Licensees must be aware of the challenges that exist when representing someone who claims to have the legal right to act on behalf of a property owner on the basis of a power of attorney. Is the power of attorney valid? Was it properly executed? Does it empower the attorney to deal with real property? Has it expired? Has it been revoked? Has it been terminated through the death of the grantor? These are all questions that must be ascertained by the licensee before proceeding.
In 2018, two licensees were approached by Seller A wishing to list a property for sale. A title search revealed that the property was owned jointly by Seller A and their spouse, Seller B. Seller A advised the licensees that Seller B was confined to a care home and Seller A had a power of attorney (POA) to act on Seller B’s behalf. The licensees had never dealt with a POA before, and they generally took Seller A’s assertion at face value. They did review some 2009 correspondence from Seller A’s lawyer indicating there was a POA between Seller A and Seller B. However, the licensees did not obtain a copy of the POA for the deal file, a contravention of their local Board’s MLS® Regulations regarding listing properties where POA’s were involved. They also did not advise Seller A to seek independent legal advice to ensure the POA was valid. It appears that the licensees did not read, or did not understand, the POA or the lawyer’s correspondence, which clearly indicated that the POA gave authority for Seller B to act for Seller A, rather than the other way around.

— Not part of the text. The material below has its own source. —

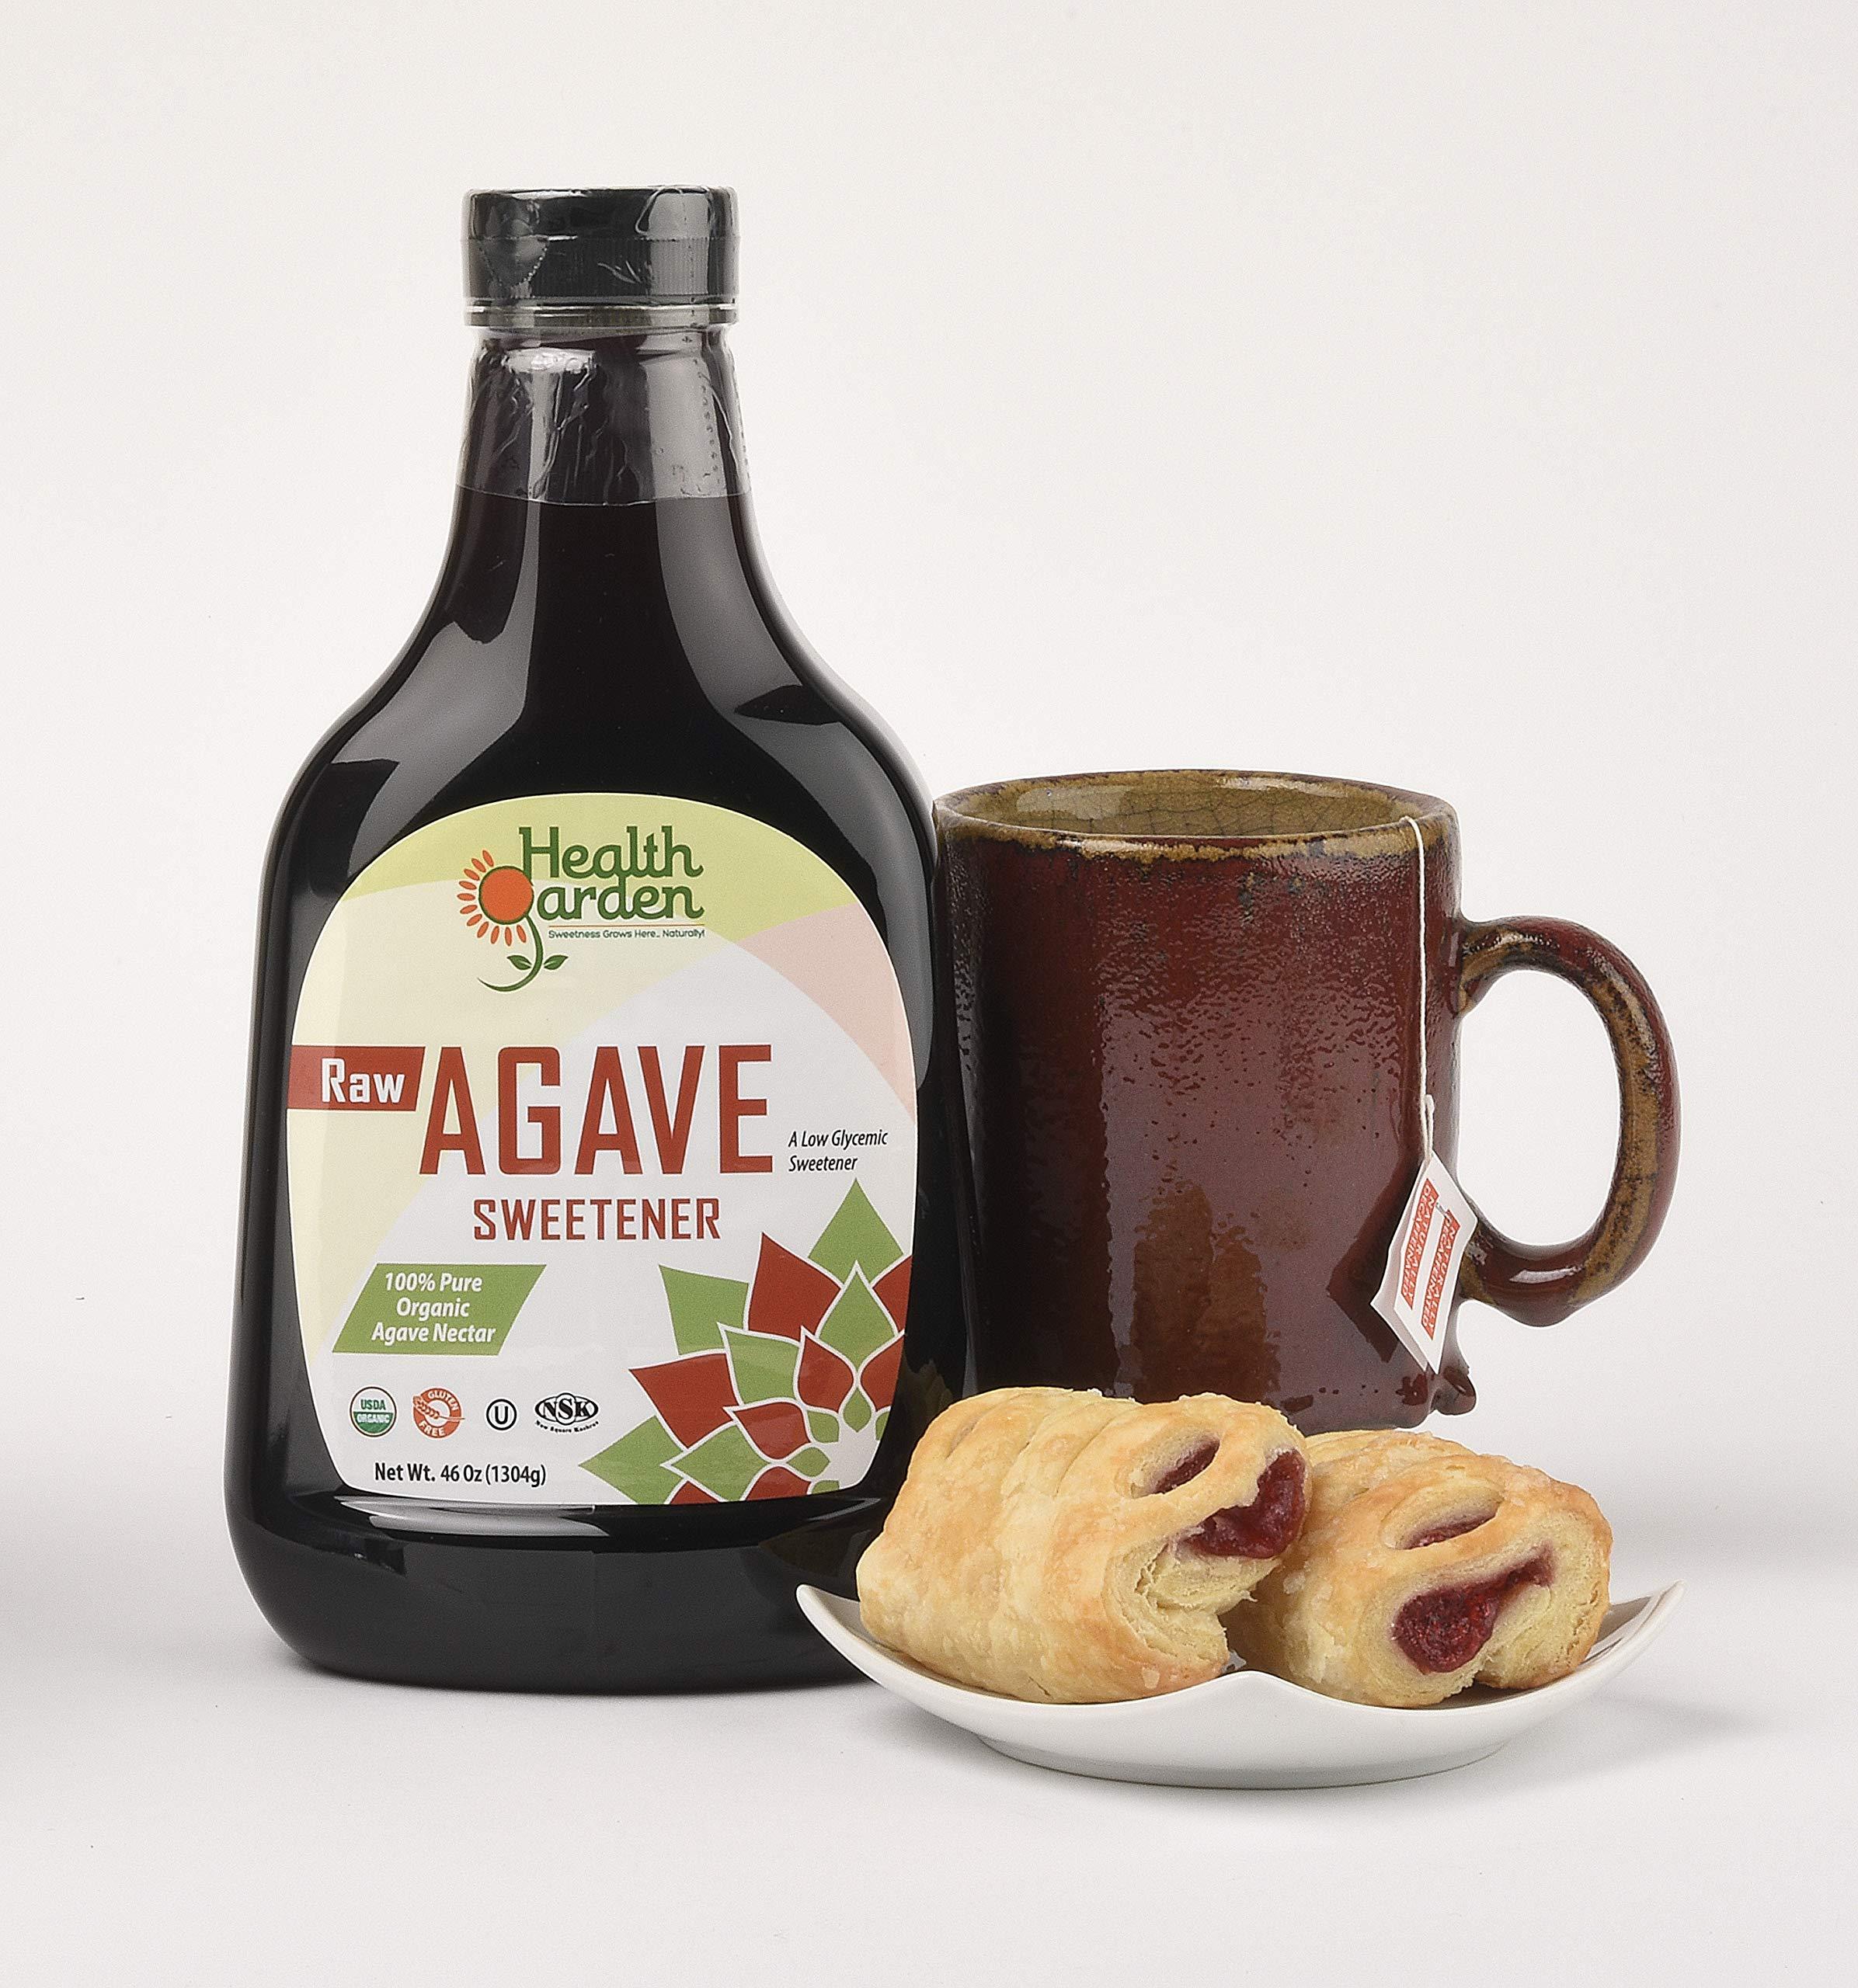 Health Garden Organic Raw Agave Nectar Sweetener, 46 oz (pack of 5) by HEALTH GARDEN (Image #3)

The two licensees marketed the property and eventually received an offer to purchase from a buyer, which was accepted by Seller A in their own right and as the attorney for Seller B. Subjects were removed and the transaction was slated to close on April 19. On April 4 the conveyancing lawyer for the sellers advised the licensees that a copy of the POA was needed to complete the transaction. Seller A finally provided the lawyer with a copy of the POA on April 10. The lawyer immediately realized that the POA did not provide Seller A with the authority to act for Seller B. The lawyer attempted to save the transaction by getting Seller B to consent to the transaction in their own right but discovered that Seller B did not have the legal capacity to sign the required legal documents. The transaction could not be completed. As a result of the failure of the transaction, Seller A defaulted on the purchase of another property which they were intending to acquire with the proceeds of the failed transaction.
The buyers lodged a complaint with the Real Estate Council of BC (Council), concerning the actions of the two licensees. The licensees were found guilty of failing to take sufficient care to ensure that Seller A had the legal authority to sell the property and failing to advise Seller A to seek independent legal advice concerning the POA. The licensees were fined $20,000 plus costs, a substantial penalty.1
In addition to their transgressions regarding the POA, the licensees were found to be in contravention of Rule 3-2 by failing to promptly provide to their managing broker all documents relating to the transaction (they waited 8 days before filing the subject removal document) and by failing to keep their managing broker informed of the real estate services they were providing (they waited 10 days before advising their managing broker that there was a problem with the POA that might result in the transaction not completing). I mention these last two contraventions because I am seeing them creep into more and more discipline decisions. Licensees must be aware of and comply with Rule 3-2, which requires them to promptly file documents with their brokerage and keep their managing broker informed of the real estate services they are providing. Yes, I know licensees are independent contractors. Yes, I know they conduct much of their business electronically. Yes, I know they don’t visit the brokerage as often as they used to. However, none of that absolves a licensee of their obligations under Rule 3-2 (1) and (2) to promptly provide their managing broker with the original or copies of all necessary documents and keep their managing broker informed of the real estate services they are providing. As you can see from this case, 8 days is not considered prompt.
It is instructive to note that the licensees had not encountered a POA before this transaction. However, ignorance is no defence. If a licensee does not think they have the skill and expertise to conduct a transaction, they should refer it to a licensee that does. If they do not refer it, they must take steps to acquire the necessary knowledge to enable them to act with reasonable care and skill. There are tremendous resources available from Council, BCREA, local Boards and Associations, brokerages, managing brokers and more experienced licensees. Licensees are obliged to take advantage of those resources.